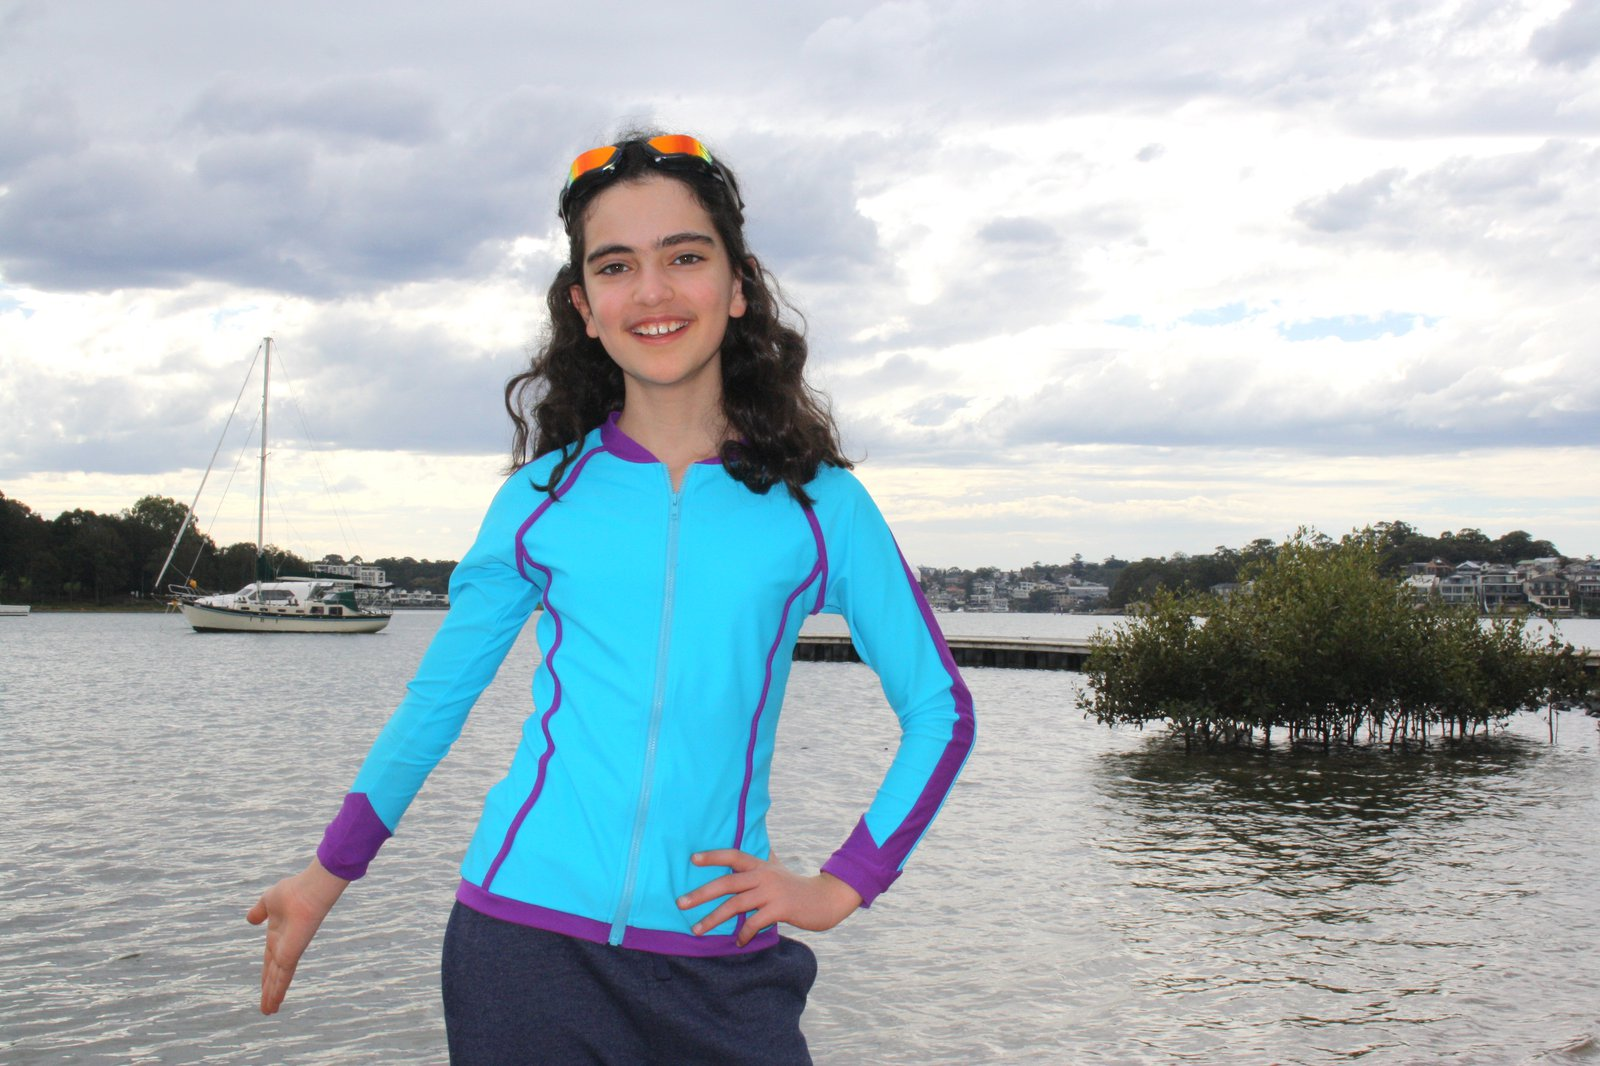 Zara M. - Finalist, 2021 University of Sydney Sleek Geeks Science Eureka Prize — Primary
********
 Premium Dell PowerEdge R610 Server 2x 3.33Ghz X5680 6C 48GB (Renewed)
********
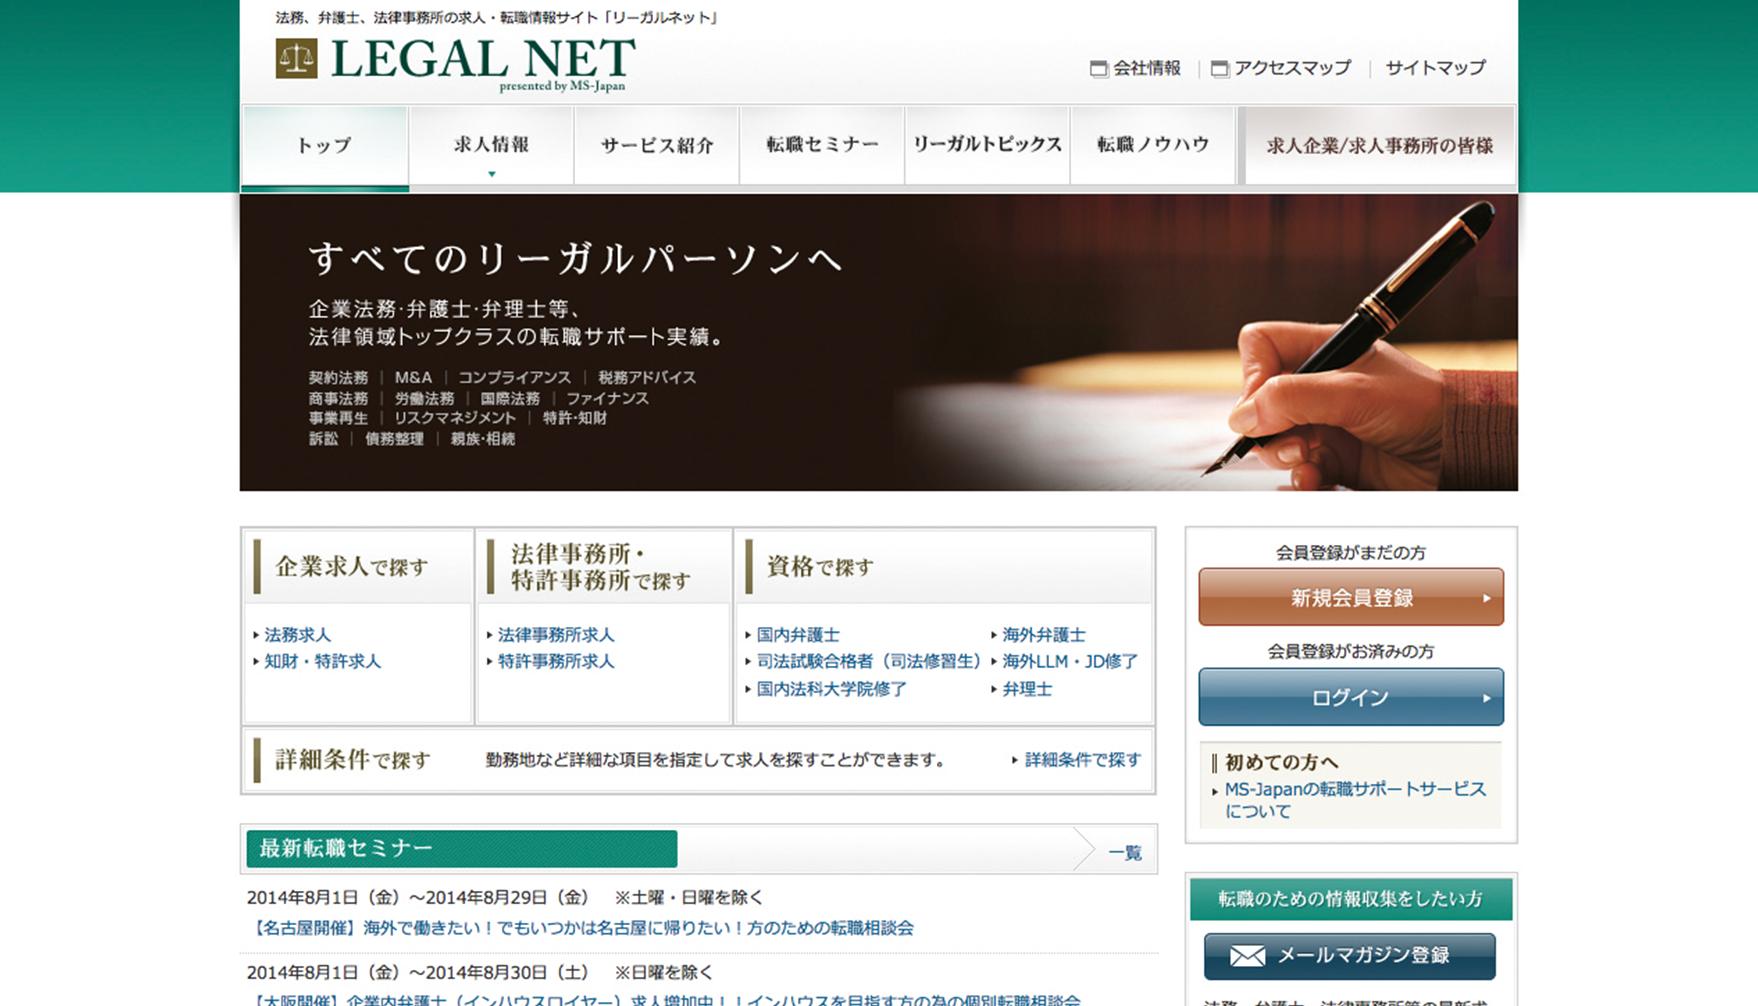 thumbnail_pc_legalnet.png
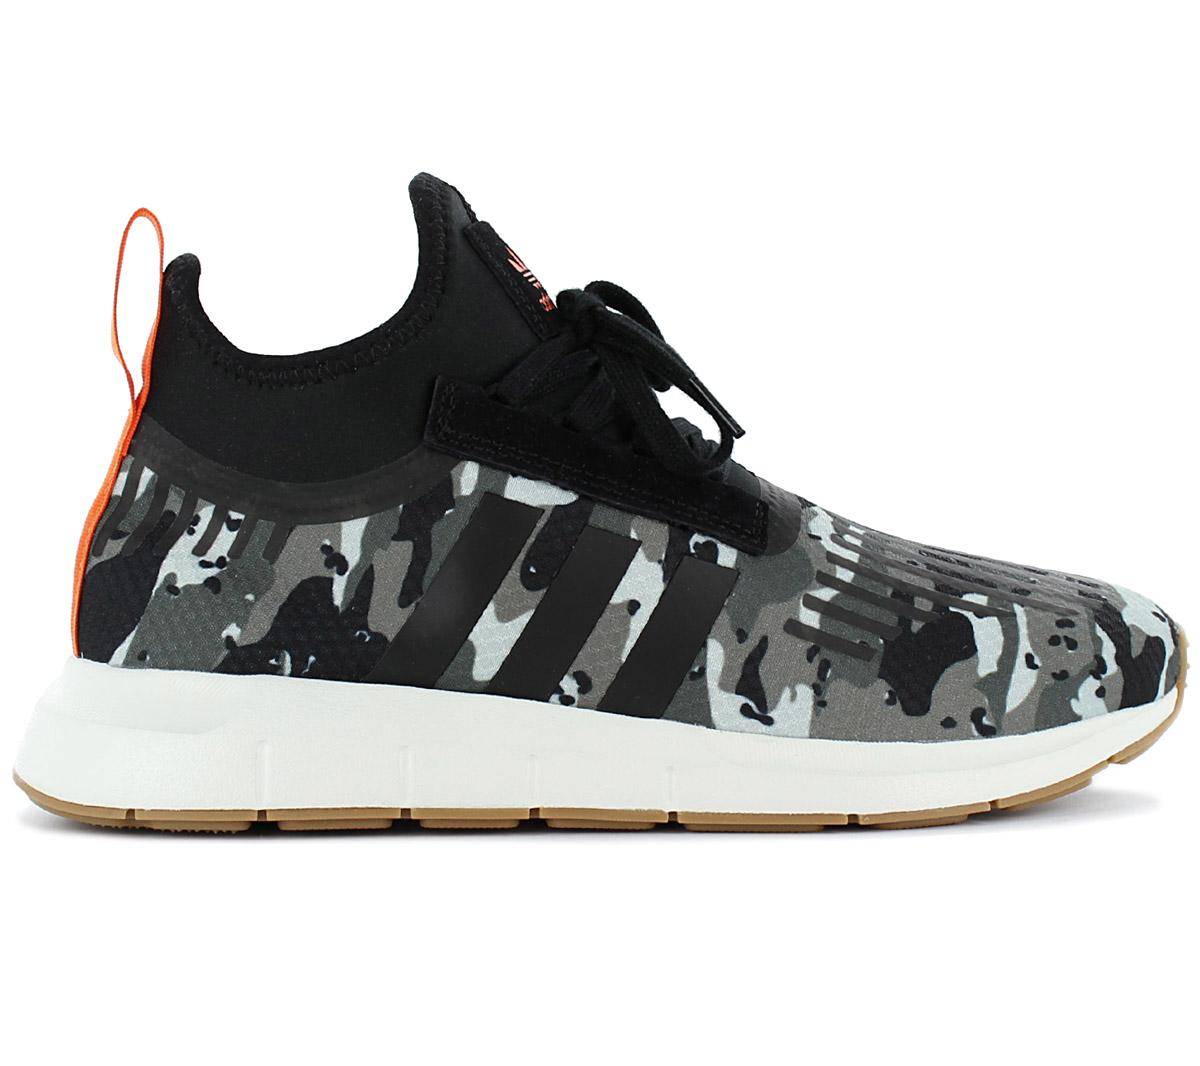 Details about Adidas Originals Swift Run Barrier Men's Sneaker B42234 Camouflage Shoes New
********
[AIM OF THE TASK]: An exact copy is needed. It runs from the line above containing "thumbnail_pc_legalnet.png" down to the line containing "Details about Adidas", both included, with no pictures.

[TASK ANSWER]:
 thumbnail_pc_legalnet.png
 Details about Adidas Originals Swift Run Barrier Men's Sneaker B42234 Camouflage Shoes New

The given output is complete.